Of the lines in the material below, print only those from the one containing "Prince of Persia" to the one containing "Oflox OZ, Ofloxacin", ends included, exactly as written and without pictures.

Data —
——
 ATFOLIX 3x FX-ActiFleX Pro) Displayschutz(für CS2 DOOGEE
——
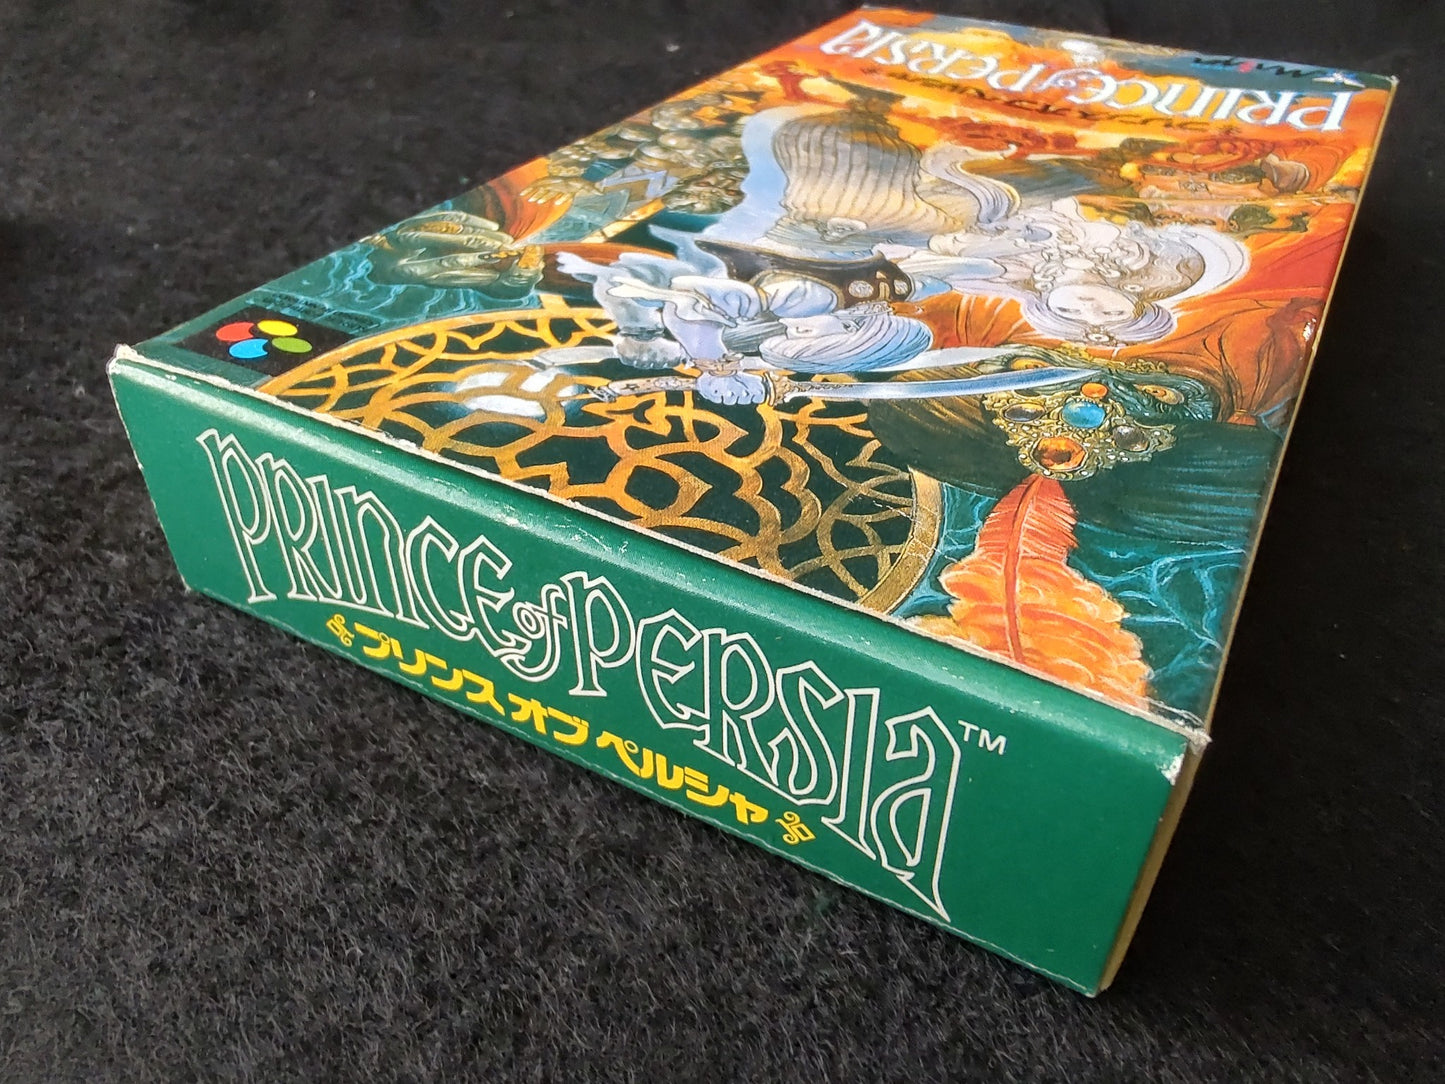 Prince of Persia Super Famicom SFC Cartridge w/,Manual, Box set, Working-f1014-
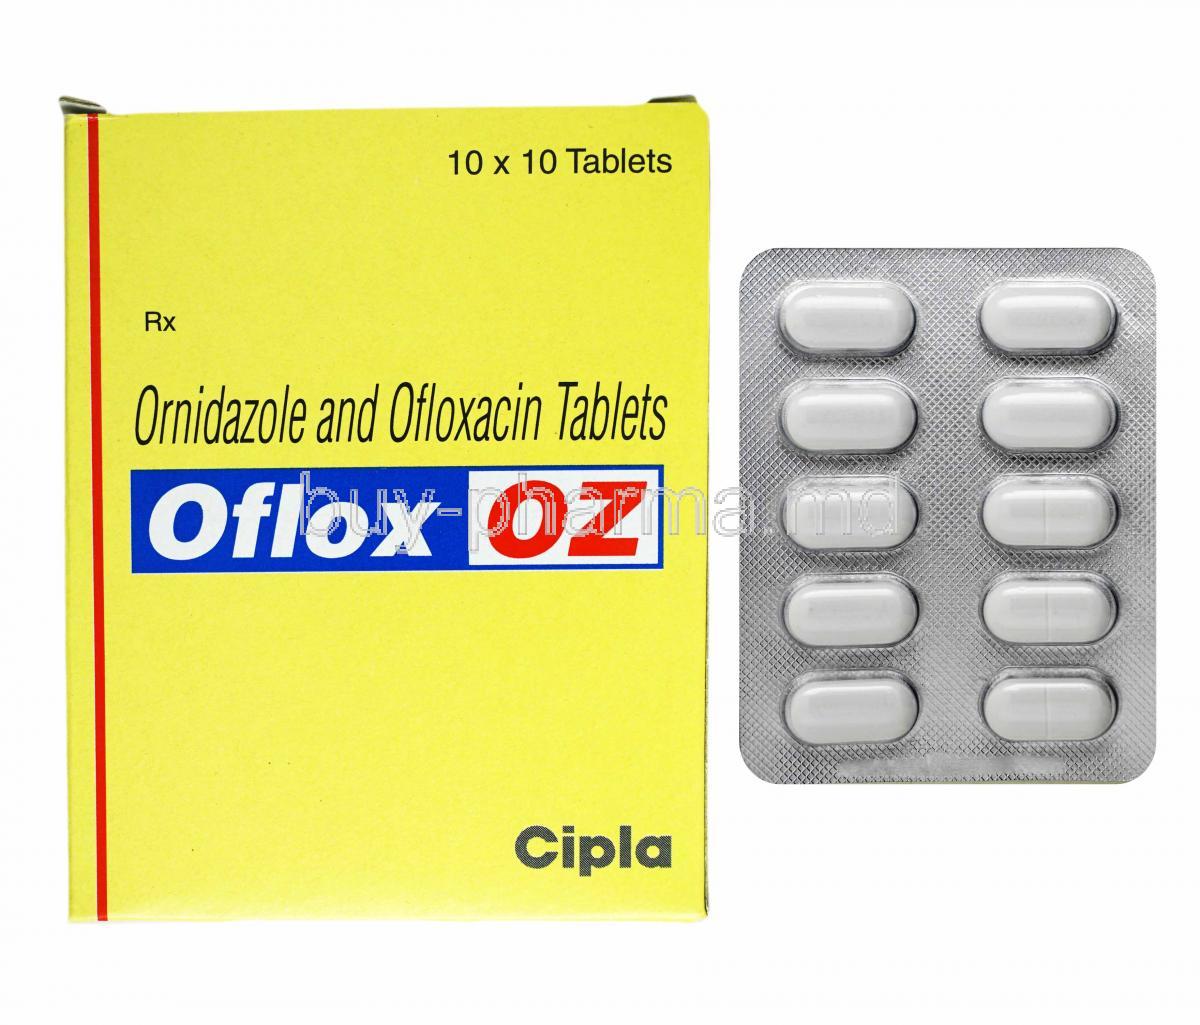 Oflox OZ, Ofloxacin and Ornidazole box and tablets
——
Response box —
 Prince of Persia Super Famicom SFC Cartridge w/,Manual, Box set, Working-f1014-
 Oflox OZ, Ofloxacin and Ornidazole box and tablets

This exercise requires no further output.